Required action: Please repeat, exactly as they stand, the line containing "JORDAN GERARD" and the lines after it through the final line of the listing below, minus pictures.
--- Data below ---
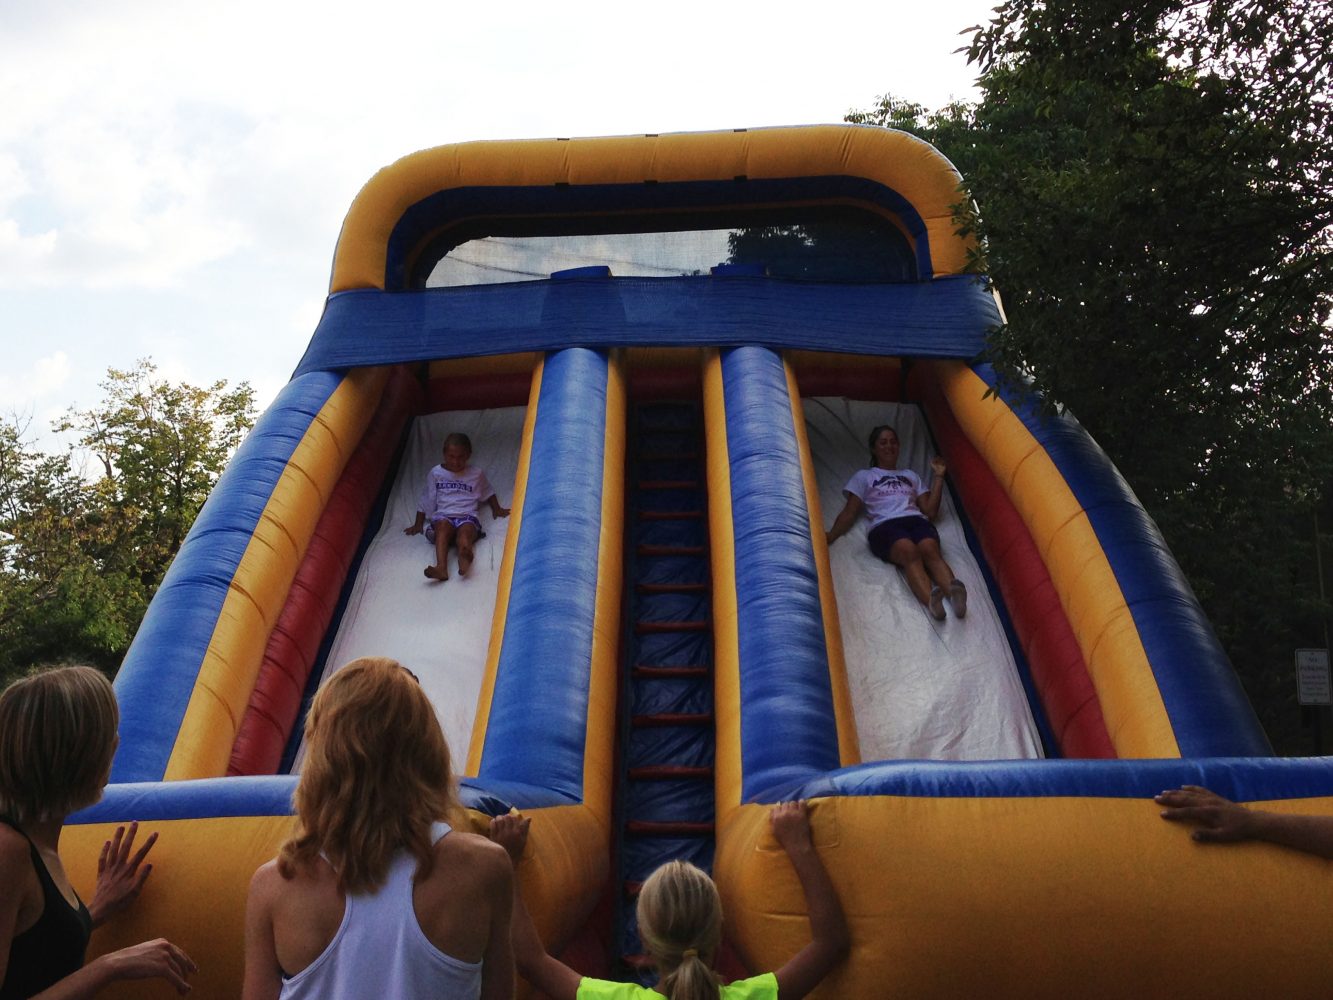 Warrior athletes and kids enjoy inflatable slides together.
JORDAN GERARD
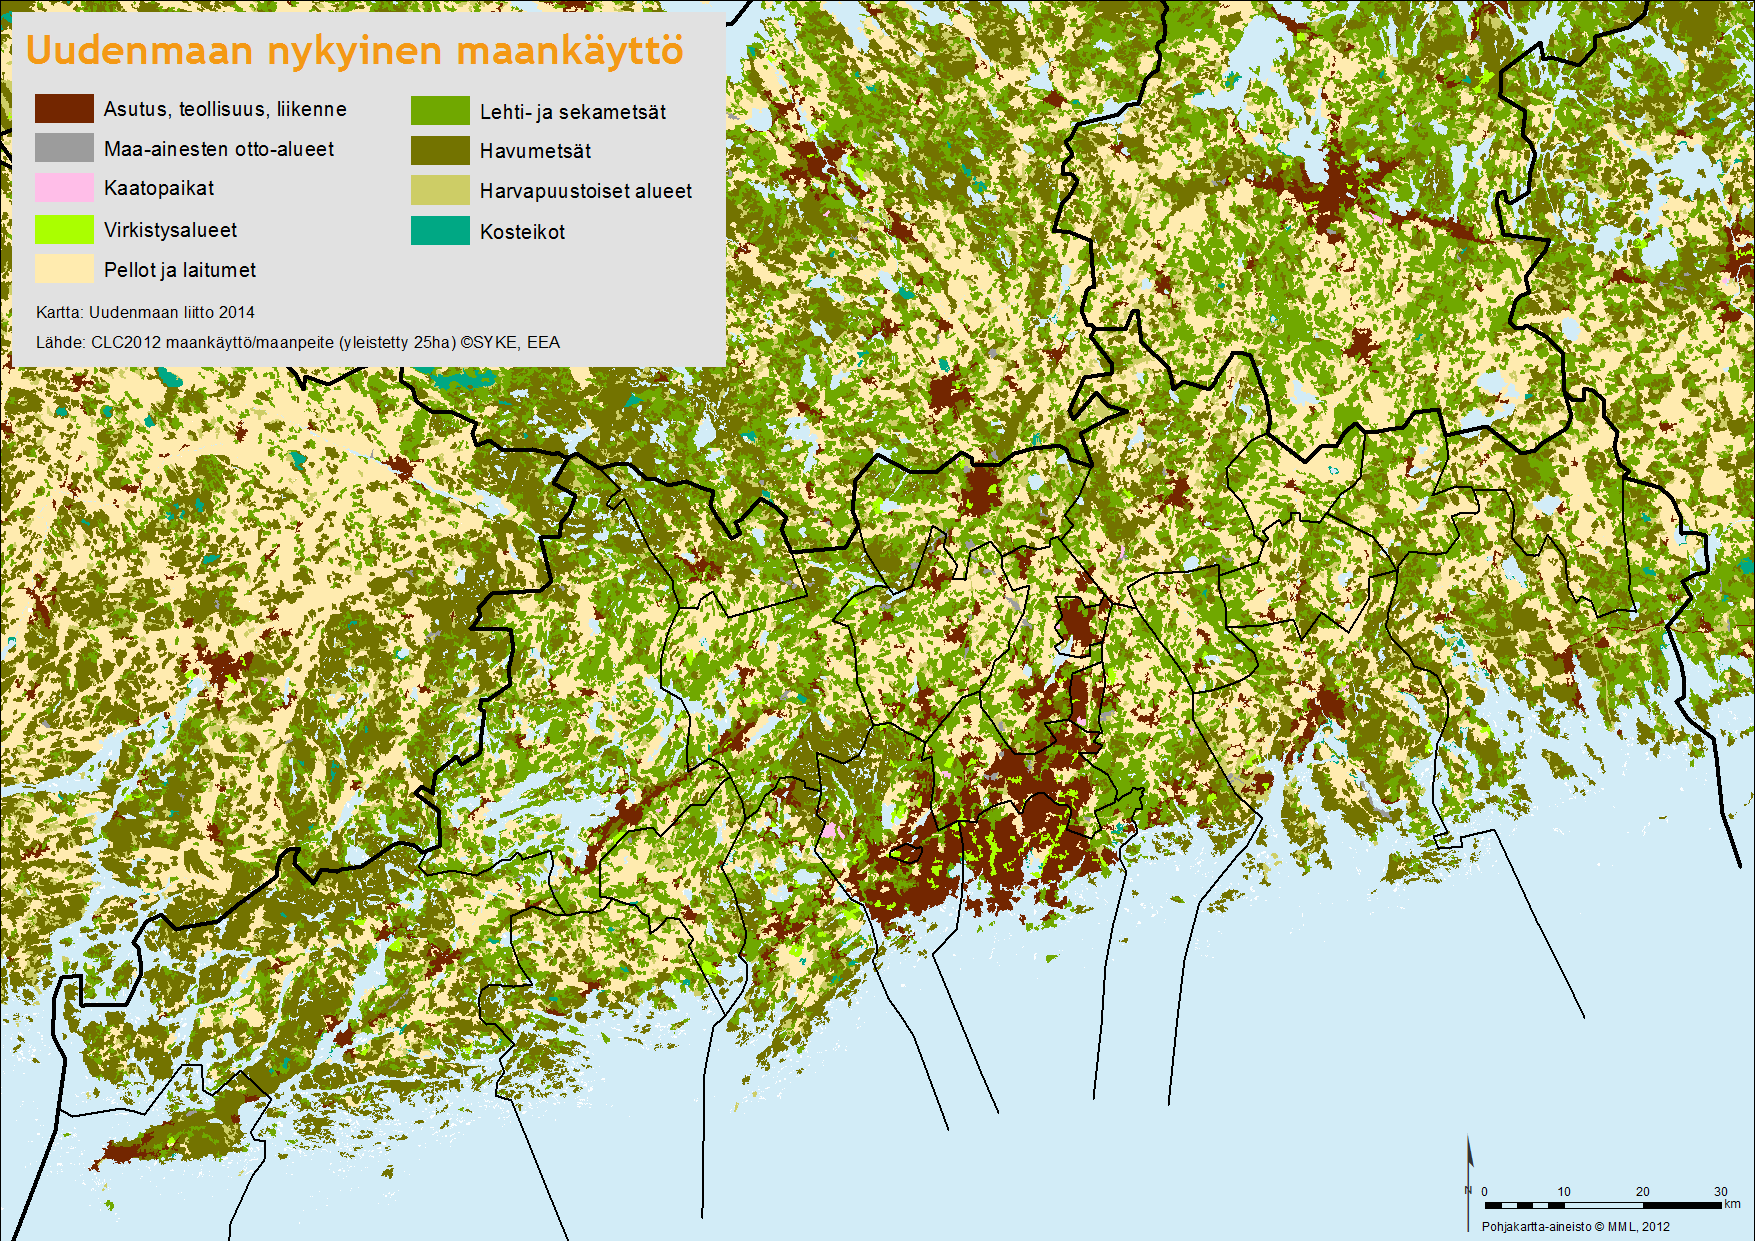 Kuva: Uudenmaan nykyinen maankäyttö. Tiiviimmin rakentuneen pääkaupunkiseudun läheisyydessä sijaitsee muutamia laajoja metsiä kuten Nuuksion ja Sipoonkorven alueet.
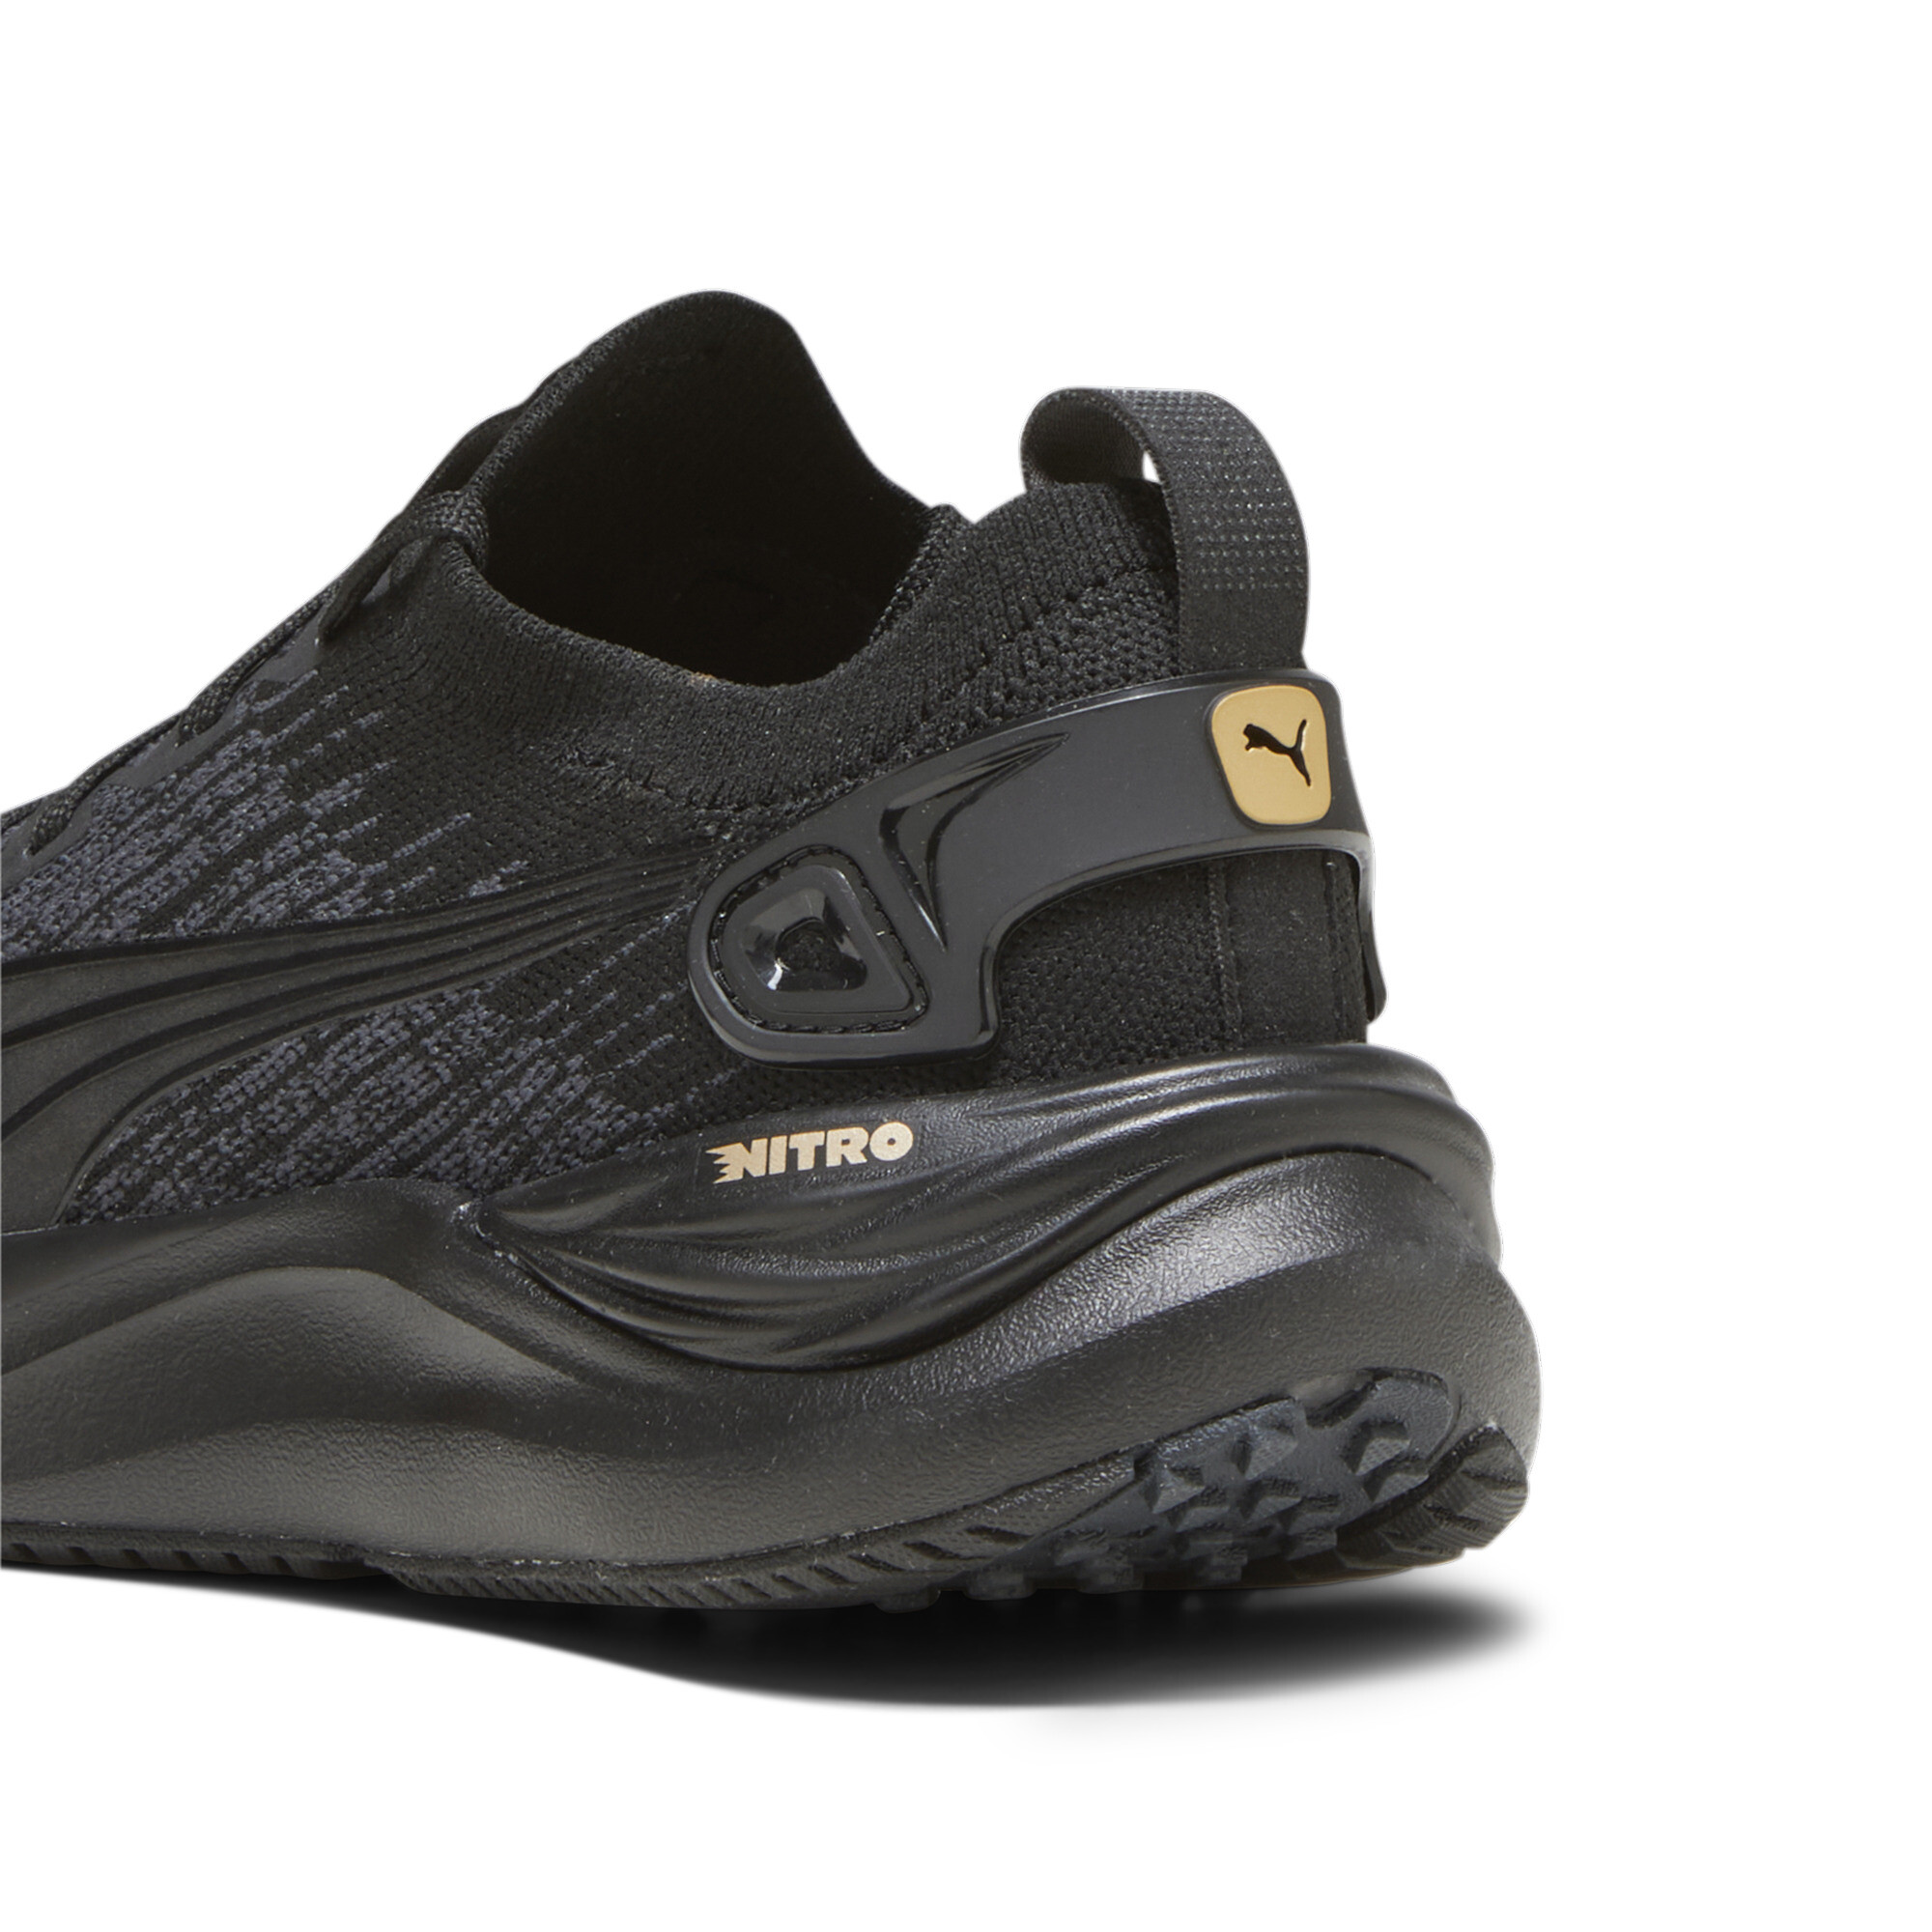 Women's PUMA Electrify NITRO 3 Knit Running Shoes In Black, Size EU 39
---
Exercise answer:
JORDAN GERARD
 Kuva: Uudenmaan nykyinen maankäyttö. Tiiviimmin rakentuneen pääkaupunkiseudun läheisyydessä sijaitsee muutamia laajoja metsiä kuten Nuuksion ja Sipoonkorven alueet.
 Women's PUMA Electrify NITRO 3 Knit Running Shoes In Black, Size EU 39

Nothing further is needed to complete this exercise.